Problem details
As the lines appear below, please set them down exactly, starting at the first and finishing with the one containing "Used 2013 Kia".

---+---

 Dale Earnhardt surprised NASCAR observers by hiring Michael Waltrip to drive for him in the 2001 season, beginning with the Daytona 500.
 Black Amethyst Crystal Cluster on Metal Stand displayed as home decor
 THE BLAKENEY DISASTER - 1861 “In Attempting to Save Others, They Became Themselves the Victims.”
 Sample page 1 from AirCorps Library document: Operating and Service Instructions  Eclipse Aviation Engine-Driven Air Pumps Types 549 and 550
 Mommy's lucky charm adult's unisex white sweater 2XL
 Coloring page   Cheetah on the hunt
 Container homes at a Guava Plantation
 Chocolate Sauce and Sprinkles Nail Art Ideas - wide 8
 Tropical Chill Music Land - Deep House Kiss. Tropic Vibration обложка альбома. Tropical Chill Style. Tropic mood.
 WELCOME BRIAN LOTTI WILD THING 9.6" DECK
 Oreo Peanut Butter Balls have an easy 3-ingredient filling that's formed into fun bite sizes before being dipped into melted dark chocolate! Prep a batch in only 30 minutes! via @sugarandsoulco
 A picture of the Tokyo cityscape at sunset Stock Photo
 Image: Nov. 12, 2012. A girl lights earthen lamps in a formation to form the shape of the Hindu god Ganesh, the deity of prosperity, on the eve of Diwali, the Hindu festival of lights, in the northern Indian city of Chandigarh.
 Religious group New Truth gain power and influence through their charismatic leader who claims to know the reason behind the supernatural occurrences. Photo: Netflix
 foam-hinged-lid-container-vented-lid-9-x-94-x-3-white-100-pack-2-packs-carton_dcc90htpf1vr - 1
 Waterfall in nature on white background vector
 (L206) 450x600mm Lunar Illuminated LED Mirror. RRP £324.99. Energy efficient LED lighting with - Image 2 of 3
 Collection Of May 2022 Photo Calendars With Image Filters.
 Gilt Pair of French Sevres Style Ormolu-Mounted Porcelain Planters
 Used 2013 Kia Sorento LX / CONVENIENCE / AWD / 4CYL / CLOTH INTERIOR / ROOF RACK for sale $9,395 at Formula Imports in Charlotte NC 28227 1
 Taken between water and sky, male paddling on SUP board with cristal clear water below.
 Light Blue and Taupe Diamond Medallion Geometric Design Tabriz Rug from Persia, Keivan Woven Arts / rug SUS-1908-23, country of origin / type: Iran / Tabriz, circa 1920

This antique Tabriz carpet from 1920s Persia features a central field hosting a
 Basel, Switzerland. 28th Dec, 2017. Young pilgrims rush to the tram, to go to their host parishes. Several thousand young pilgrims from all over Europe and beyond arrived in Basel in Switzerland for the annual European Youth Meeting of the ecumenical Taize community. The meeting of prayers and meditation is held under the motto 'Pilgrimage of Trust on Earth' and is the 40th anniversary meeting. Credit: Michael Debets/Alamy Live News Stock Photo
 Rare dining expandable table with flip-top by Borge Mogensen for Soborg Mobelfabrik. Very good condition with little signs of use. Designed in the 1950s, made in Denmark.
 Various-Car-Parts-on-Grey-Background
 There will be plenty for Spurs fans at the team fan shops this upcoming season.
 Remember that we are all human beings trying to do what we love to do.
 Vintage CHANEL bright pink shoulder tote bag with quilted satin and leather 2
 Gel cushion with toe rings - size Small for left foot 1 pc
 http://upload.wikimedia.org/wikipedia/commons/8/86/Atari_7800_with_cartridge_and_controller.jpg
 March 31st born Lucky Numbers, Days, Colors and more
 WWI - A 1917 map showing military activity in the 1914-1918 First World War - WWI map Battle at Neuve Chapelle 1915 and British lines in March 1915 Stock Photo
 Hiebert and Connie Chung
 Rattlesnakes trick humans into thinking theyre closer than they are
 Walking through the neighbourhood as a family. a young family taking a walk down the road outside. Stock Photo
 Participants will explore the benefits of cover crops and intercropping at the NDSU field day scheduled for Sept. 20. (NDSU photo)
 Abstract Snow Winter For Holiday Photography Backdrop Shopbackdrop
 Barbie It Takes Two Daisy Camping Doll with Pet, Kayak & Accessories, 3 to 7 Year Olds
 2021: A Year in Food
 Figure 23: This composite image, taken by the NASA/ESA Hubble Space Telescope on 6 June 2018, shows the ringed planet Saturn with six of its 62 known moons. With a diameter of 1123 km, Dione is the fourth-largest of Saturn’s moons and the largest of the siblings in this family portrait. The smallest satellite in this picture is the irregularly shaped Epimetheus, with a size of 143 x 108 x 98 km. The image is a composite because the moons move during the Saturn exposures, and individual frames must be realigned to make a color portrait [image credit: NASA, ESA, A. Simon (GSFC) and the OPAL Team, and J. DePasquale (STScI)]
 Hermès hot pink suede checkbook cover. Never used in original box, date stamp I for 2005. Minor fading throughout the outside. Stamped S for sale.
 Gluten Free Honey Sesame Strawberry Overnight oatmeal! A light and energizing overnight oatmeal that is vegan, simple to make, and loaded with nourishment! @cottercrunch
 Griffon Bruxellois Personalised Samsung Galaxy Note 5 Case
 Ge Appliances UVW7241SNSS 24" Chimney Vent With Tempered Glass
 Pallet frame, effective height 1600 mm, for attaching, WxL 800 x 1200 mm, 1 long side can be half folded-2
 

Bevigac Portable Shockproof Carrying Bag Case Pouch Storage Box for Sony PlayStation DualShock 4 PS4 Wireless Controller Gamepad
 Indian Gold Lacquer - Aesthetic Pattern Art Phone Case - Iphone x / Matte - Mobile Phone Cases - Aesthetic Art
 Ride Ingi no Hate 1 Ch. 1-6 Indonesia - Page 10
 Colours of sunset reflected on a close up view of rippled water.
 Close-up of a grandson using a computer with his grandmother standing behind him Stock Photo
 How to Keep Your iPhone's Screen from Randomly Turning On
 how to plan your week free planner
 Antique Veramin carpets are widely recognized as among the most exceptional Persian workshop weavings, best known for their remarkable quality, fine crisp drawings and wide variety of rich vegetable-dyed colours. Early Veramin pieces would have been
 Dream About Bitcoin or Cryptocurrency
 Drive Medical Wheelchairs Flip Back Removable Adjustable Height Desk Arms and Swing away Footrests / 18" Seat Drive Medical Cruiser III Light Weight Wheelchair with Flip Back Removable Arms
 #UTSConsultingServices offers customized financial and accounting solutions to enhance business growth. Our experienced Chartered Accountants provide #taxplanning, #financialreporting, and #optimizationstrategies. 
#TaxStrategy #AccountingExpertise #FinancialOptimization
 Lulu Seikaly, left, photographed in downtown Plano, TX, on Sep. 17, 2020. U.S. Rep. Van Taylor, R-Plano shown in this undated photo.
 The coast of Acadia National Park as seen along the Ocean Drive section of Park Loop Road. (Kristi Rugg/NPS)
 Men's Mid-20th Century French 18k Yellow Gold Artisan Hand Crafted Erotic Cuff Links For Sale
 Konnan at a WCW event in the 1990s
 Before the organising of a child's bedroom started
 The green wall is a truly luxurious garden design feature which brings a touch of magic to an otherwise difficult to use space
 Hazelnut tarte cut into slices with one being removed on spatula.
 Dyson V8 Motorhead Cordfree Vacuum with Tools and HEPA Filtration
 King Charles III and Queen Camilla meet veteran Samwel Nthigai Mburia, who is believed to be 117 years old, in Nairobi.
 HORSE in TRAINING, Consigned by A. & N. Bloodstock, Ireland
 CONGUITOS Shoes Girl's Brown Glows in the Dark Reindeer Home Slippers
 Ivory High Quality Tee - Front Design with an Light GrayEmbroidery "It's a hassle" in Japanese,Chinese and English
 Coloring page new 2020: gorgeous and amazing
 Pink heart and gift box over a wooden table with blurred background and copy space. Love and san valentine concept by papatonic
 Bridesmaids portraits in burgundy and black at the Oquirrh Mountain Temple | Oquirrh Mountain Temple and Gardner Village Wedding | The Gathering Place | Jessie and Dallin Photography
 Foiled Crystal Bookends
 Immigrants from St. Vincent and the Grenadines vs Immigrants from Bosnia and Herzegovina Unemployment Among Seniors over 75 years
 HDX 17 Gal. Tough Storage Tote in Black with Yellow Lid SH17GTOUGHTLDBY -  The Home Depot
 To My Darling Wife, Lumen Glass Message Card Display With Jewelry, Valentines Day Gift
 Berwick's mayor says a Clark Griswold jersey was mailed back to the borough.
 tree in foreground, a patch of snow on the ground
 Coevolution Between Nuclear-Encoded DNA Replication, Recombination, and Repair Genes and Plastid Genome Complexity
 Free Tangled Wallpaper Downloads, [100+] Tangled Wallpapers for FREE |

---+---

Exercise response
 Dale Earnhardt surprised NASCAR observers by hiring Michael Waltrip to drive for him in the 2001 season, beginning with the Daytona 500.
 Black Amethyst Crystal Cluster on Metal Stand displayed as home decor
 THE BLAKENEY DISASTER - 1861 “In Attempting to Save Others, They Became Themselves the Victims.”
 Sample page 1 from AirCorps Library document: Operating and Service Instructions  Eclipse Aviation Engine-Driven Air Pumps Types 549 and 550
 Mommy's lucky charm adult's unisex white sweater 2XL
 Coloring page   Cheetah on the hunt
 Container homes at a Guava Plantation
 Chocolate Sauce and Sprinkles Nail Art Ideas - wide 8
 Tropical Chill Music Land - Deep House Kiss. Tropic Vibration обложка альбома. Tropical Chill Style. Tropic mood.
 WELCOME BRIAN LOTTI WILD THING 9.6" DECK
 Oreo Peanut Butter Balls have an easy 3-ingredient filling that's formed into fun bite sizes before being dipped into melted dark chocolate! Prep a batch in only 30 minutes! via @sugarandsoulco
 A picture of the Tokyo cityscape at sunset Stock Photo
 Image: Nov. 12, 2012. A girl lights earthen lamps in a formation to form the shape of the Hindu god Ganesh, the deity of prosperity, on the eve of Diwali, the Hindu festival of lights, in the northern Indian city of Chandigarh.
 Religious group New Truth gain power and influence through their charismatic leader who claims to know the reason behind the supernatural occurrences. Photo: Netflix
 foam-hinged-lid-container-vented-lid-9-x-94-x-3-white-100-pack-2-packs-carton_dcc90htpf1vr - 1
 Waterfall in nature on white background vector
 (L206) 450x600mm Lunar Illuminated LED Mirror. RRP £324.99. Energy efficient LED lighting with - Image 2 of 3
 Collection Of May 2022 Photo Calendars With Image Filters.
 Gilt Pair of French Sevres Style Ormolu-Mounted Porcelain Planters
 Used 2013 Kia Sorento LX / CONVENIENCE / AWD / 4CYL / CLOTH INTERIOR / ROOF RACK for sale $9,395 at Formula Imports in Charlotte NC 28227 1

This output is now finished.